» **DATASET EXCERPTS**:
--- START ---

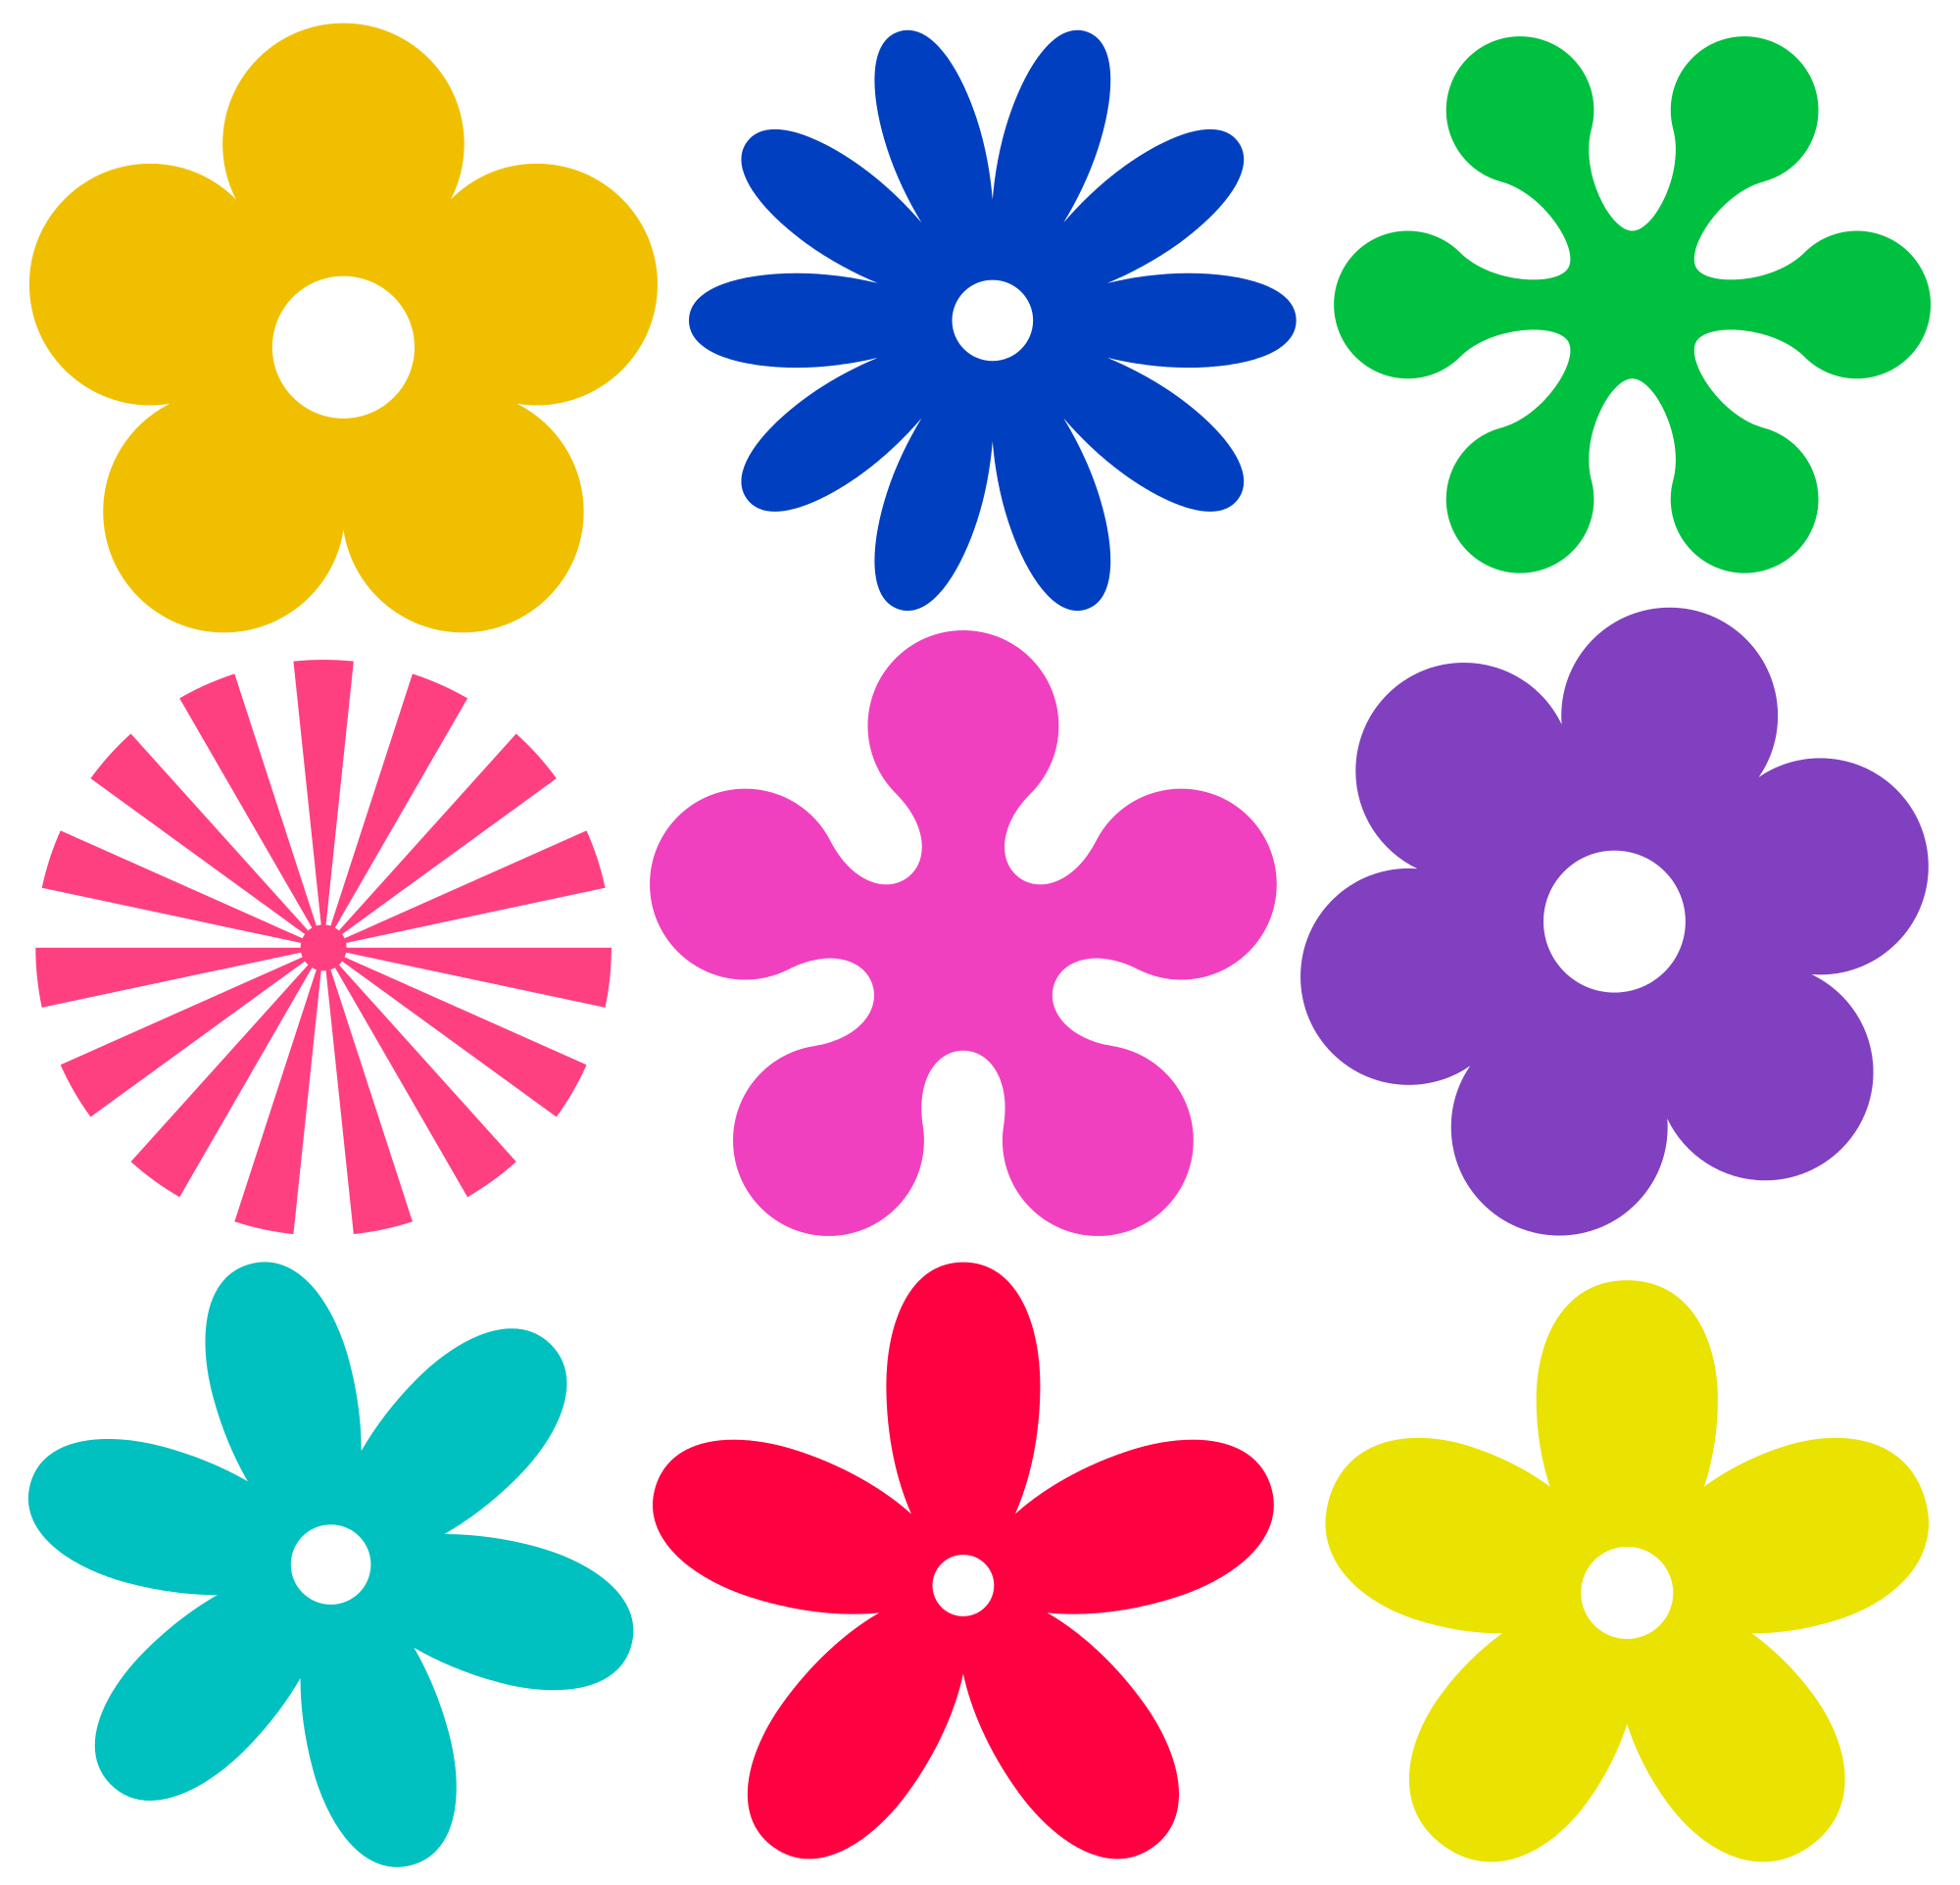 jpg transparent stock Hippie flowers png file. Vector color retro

--- END ---
--- START ---

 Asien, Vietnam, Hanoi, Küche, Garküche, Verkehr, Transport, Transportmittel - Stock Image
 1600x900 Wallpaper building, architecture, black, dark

--- END ---
--- START ---

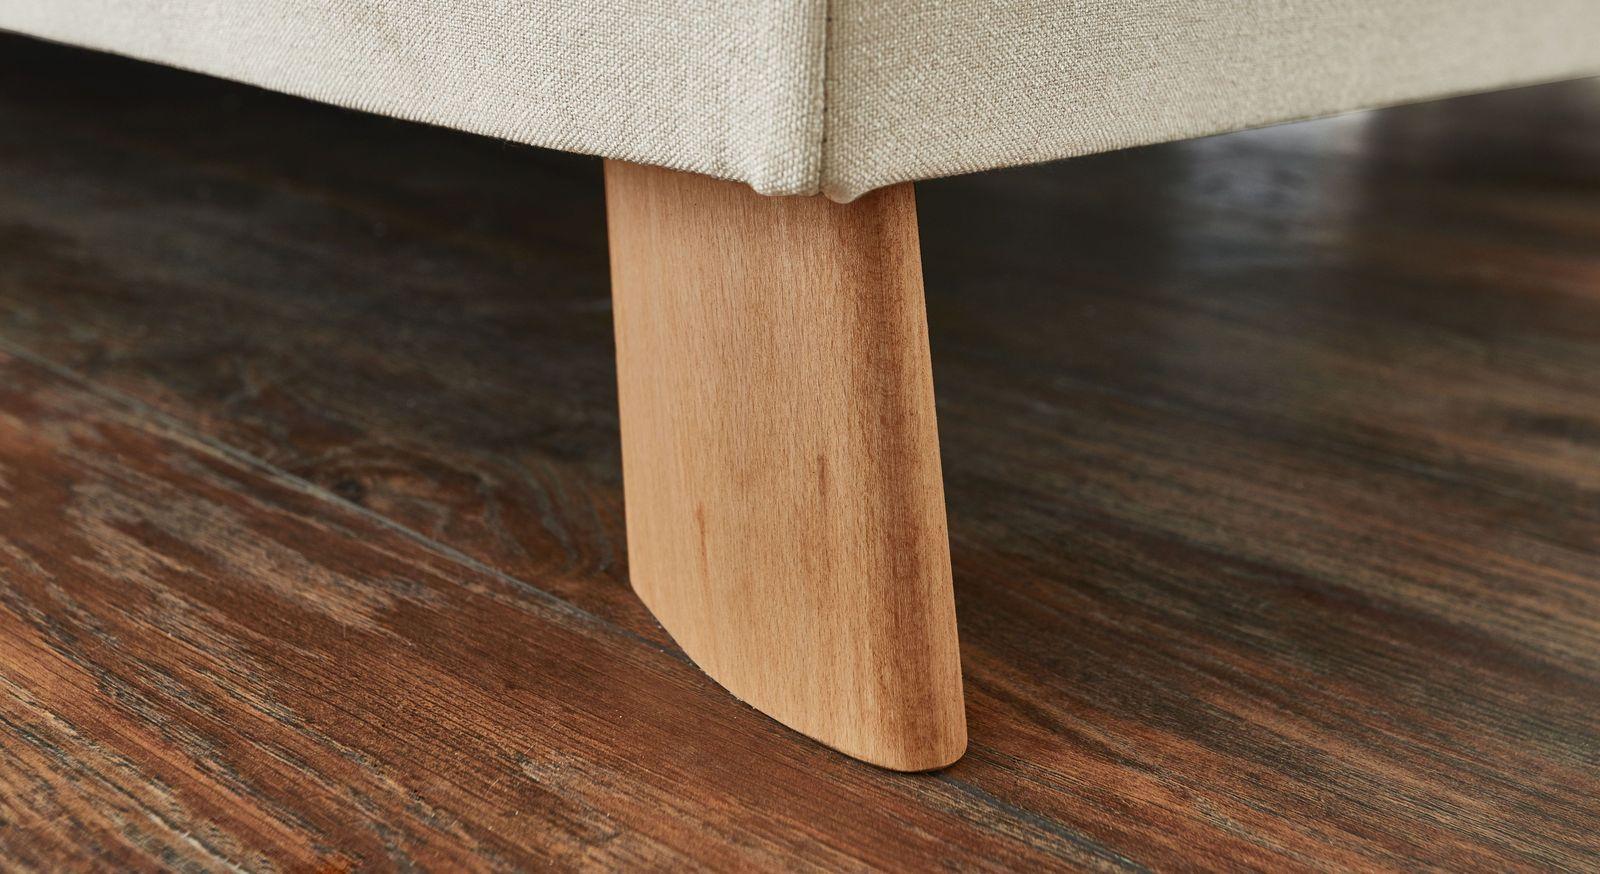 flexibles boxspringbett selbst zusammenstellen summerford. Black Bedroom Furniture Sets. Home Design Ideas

--- END ---

» **EXERCISE PROMPT**: Can you repeat, word for word, every line above from the one containing "- Stock Image" down to the one containing "1600x900 Wallpaper building, architecture, black, dark", including both?

» **ANSWER TO THE EXERCISE**:
 Asien, Vietnam, Hanoi, Küche, Garküche, Verkehr, Transport, Transportmittel - Stock Image
 1600x900 Wallpaper building, architecture, black, dark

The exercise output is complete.